A lot of the 2021 Census variables do not show up the 100% of the population, rather it responds to a small sample that expresses an uncertainty in their values that can be managed with a Confidence Interval (CI). Stats Canada has published an article Why to use Confidence Interval Understanding Confidence Intervals (CI). To date (February 2023) is hard to obtain these databases in data frames format, it is because the original databases come in sort of huge cross tables that, would require to be manipulated in database management as PostgreSQL or any other.

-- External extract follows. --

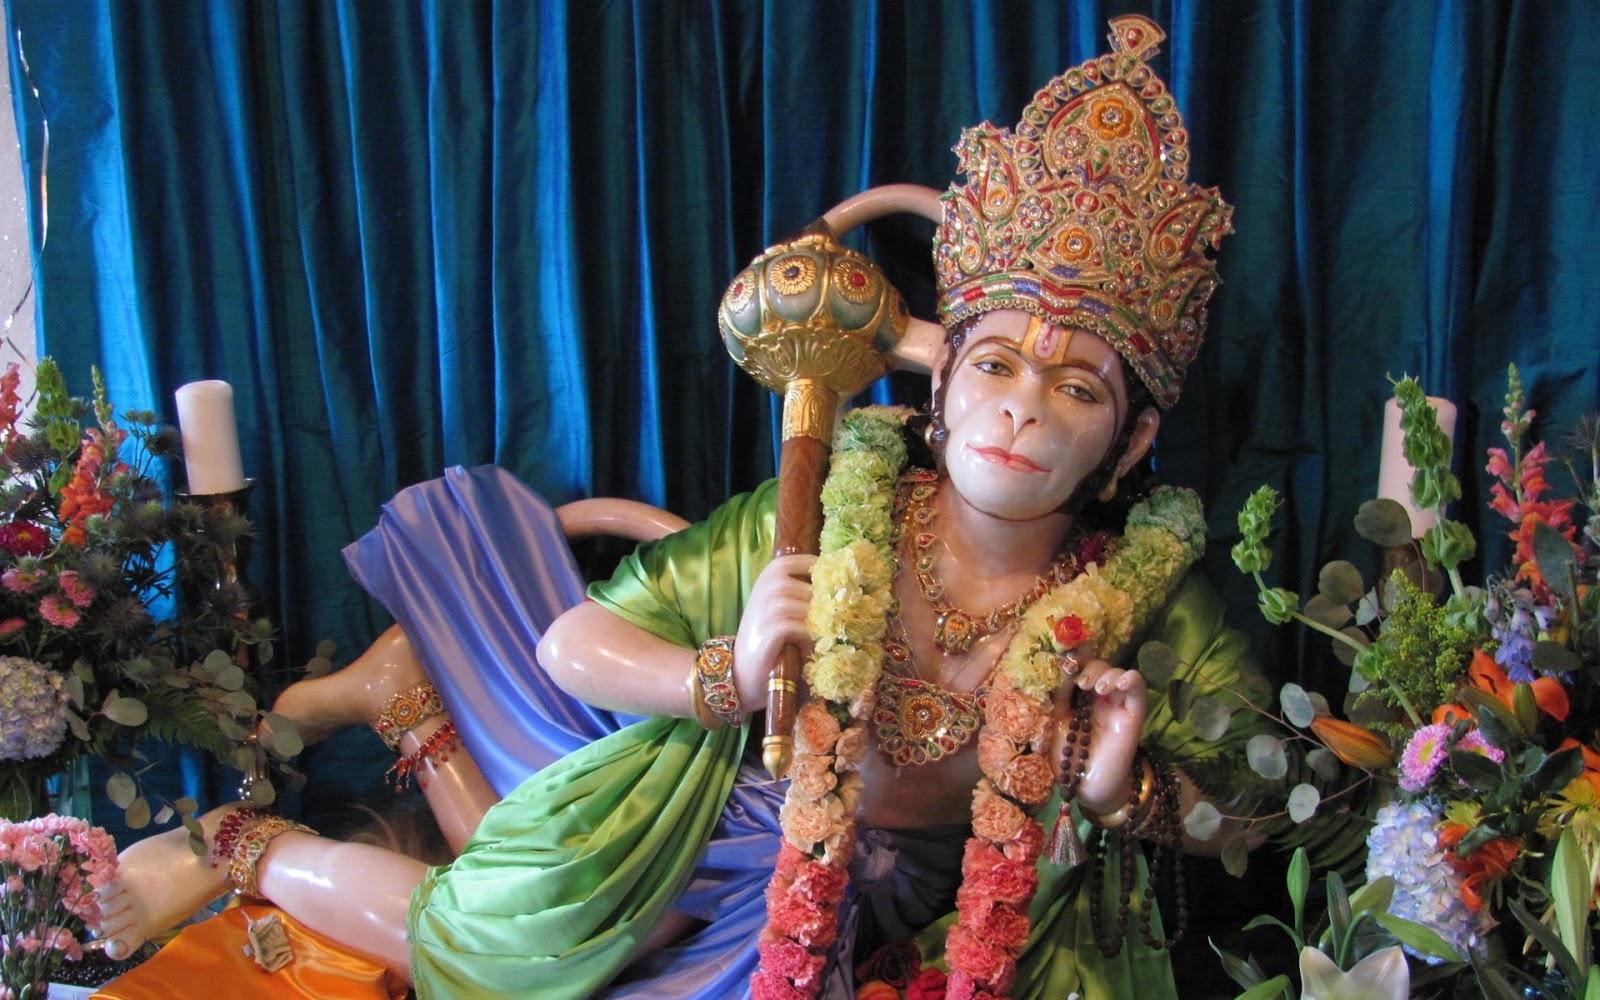 Hd Wallpapers Free God Lord Ganesha Vishwakarma God Lord Radha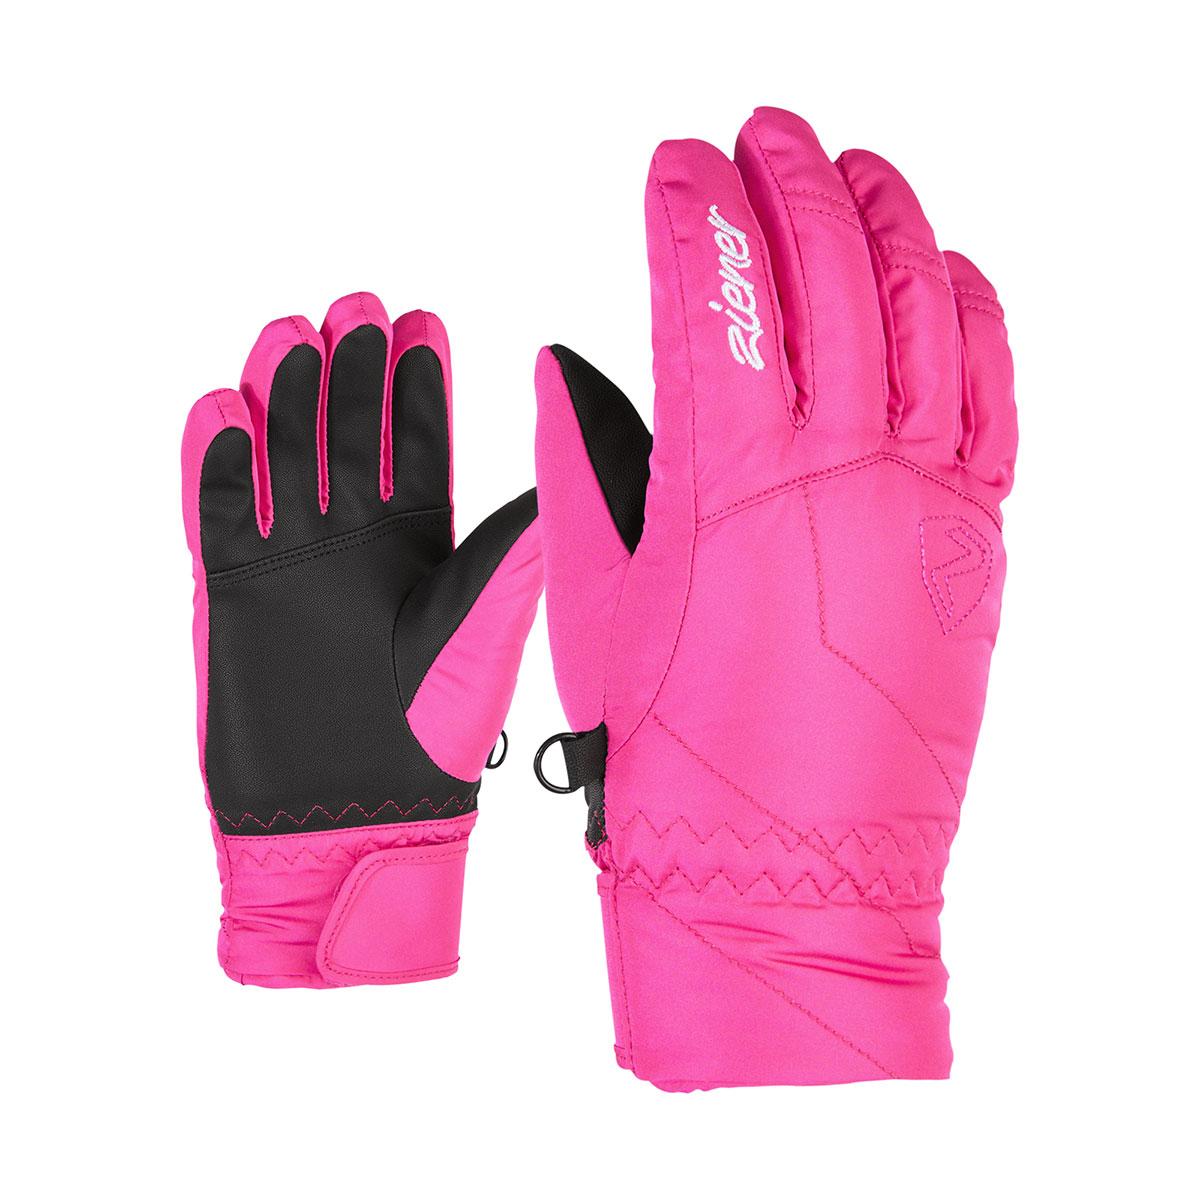 Ziener M/ädchen Handschuhe Agilo As R Gloves Junior Skihandschuh

This Github repository stores the code of a reproducible example (reprex) that allows extracting specific variables from the Confidence Intervals from the 2021 Canadian Census, which means you could execute all the chunks (from 0-23) and obtain the same results, that I got. However, its documentation works as a methodology to follow up if other variables are required to extract. You should specify your variables of interest in chunks 11 and 19, I did notes indicating where the changes should be done. You could pick up other variables from the file 98-401-X2021006CI_English_meta.txt
that comes with the database that will be downloaded, read the beginning of Part 2 and use the first table of this section to understand how to do that.

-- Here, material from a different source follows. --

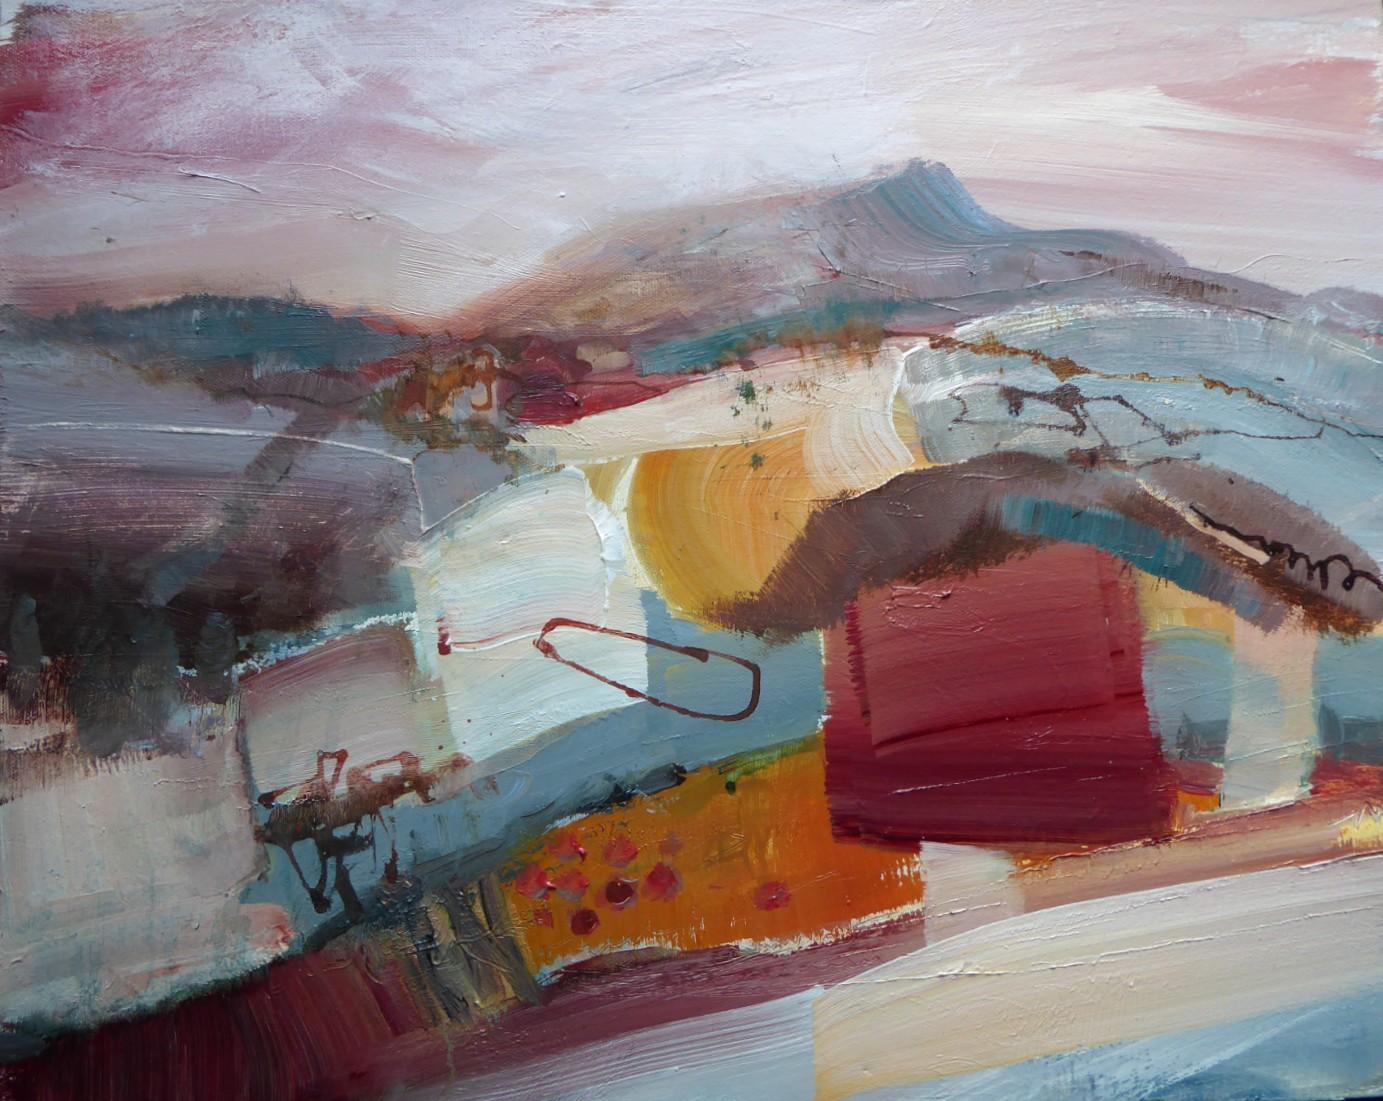 Fields   40 x 50 cm   Acrylic on canvas

First of all, is necessary to create an input and an output folder. I use this structure because I think that is more convenient to order the code. In the input folder will be unzipped the downloaded file 98-401-X2021006CI_eng_CSV.zip
creating a folder with the same name (98-401-X2021006CI_eng_CSV ) and, there just will remain the files that indicate the rows (...CI_Geo_starting_row_Province.CSV pattern). We will create inner the mentioned folder a new one, called csv_ddbb
, and we will cut and copy the csv files that contain the data of interest (...English_CSV_data_Province.csv pattern).

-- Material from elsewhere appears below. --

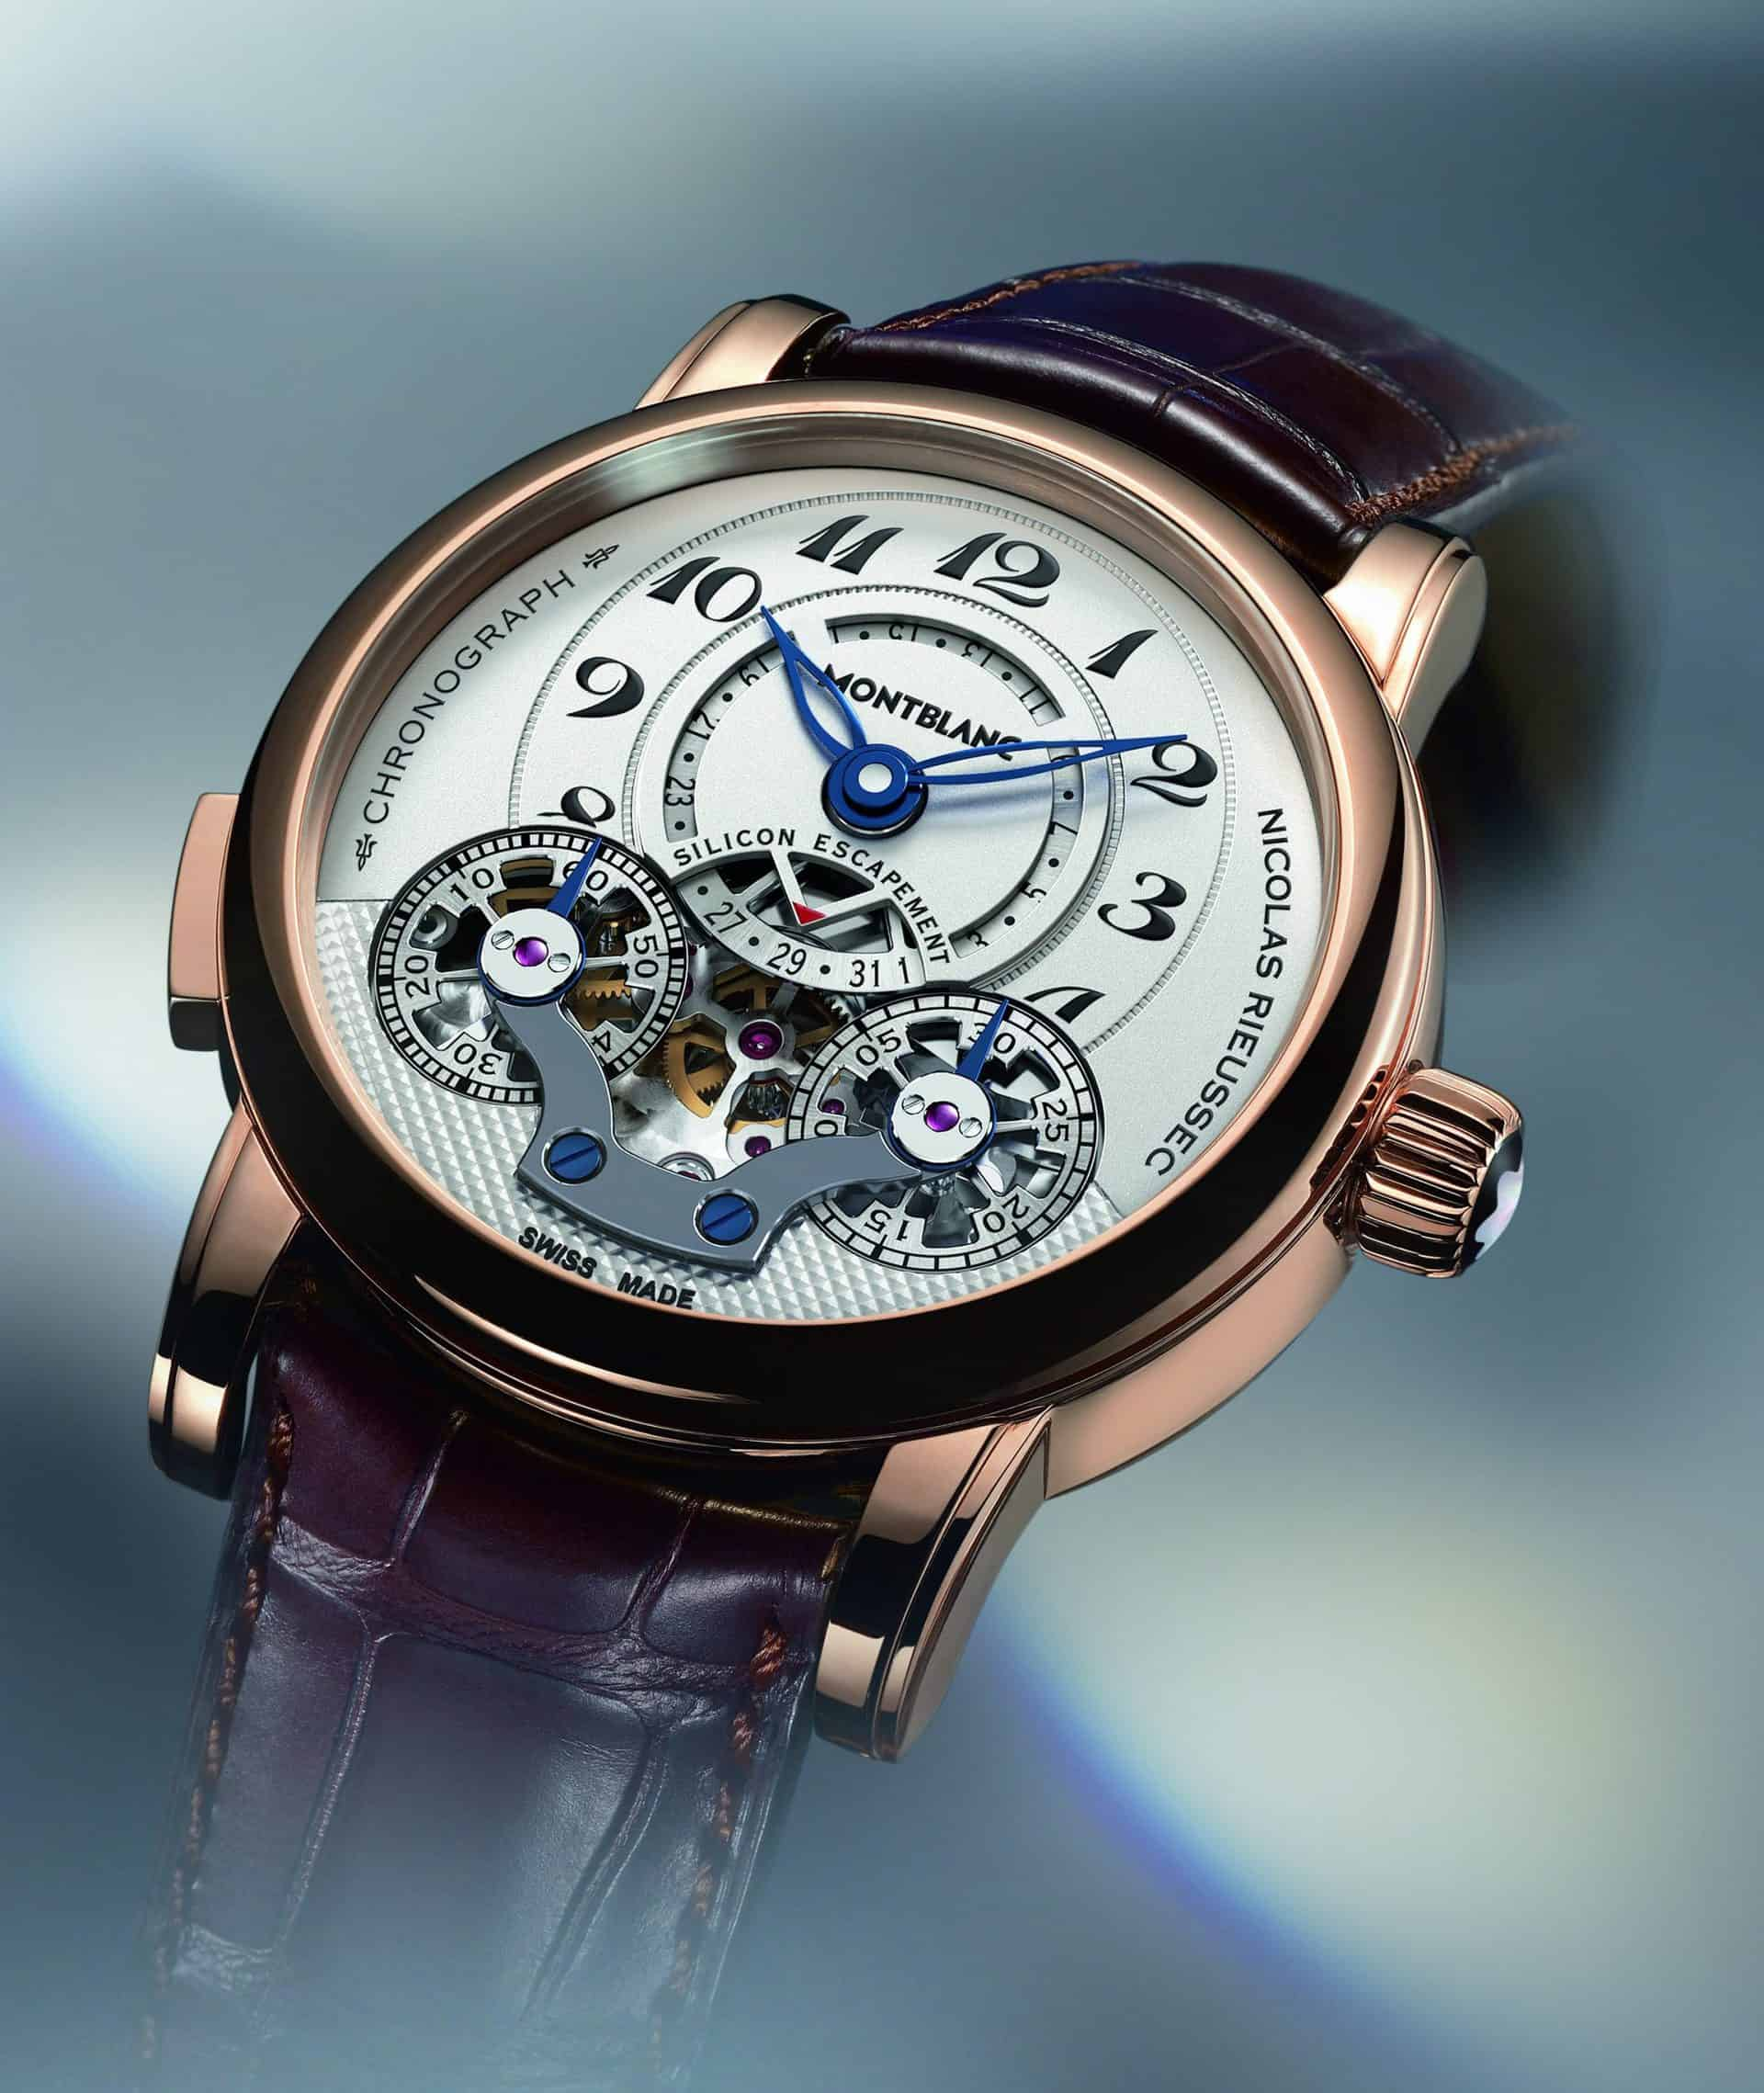 Montblanc Nicolas Rieussec Monopusher Chronograph Handaufzug

The dataset content will be downloaded from StatsCanada
#Chunk: 0-1
library(RPostgreSQL)
library(dplyr)
library(tidyverse)
library(DBI)
dir.create('input')
dir.create('output')
dir.create('output/1raw_datasets')
dir.create('output/2excel')
dir.create('output/3csv')
options(timeout = max(300, getOption("timeout"))) #I expand the time to keep downloading a file
download.file('https://www12.statcan.gc.ca/census-recensement/2021/dp-pd/prof/details/download-telecharger/comp/GetFile.cfm?Lang=E&FILETYPE=CSV&GEONO=006',"input/98-401-X2021006CI_eng_CSV.zip", cacheOK=FALSE, mode = 'wb') #Downloading the file
fold1 <- 'input/98-401-X2021006CI_eng_CSV' #Create the address where I will create a folder to unzip the downloaded file
dir.create(fold1)
fold2 <- 'input/98-401-X2021006CI_eng_CSV/csv_ddbb/'
dir.create(fold2)
unzip("input/98-401-X2021006CI_eng_CSV.zip",exdir= fold1)
move <- dir(fold1)[1:6]
lapply(move, function(x){library(filesstrings)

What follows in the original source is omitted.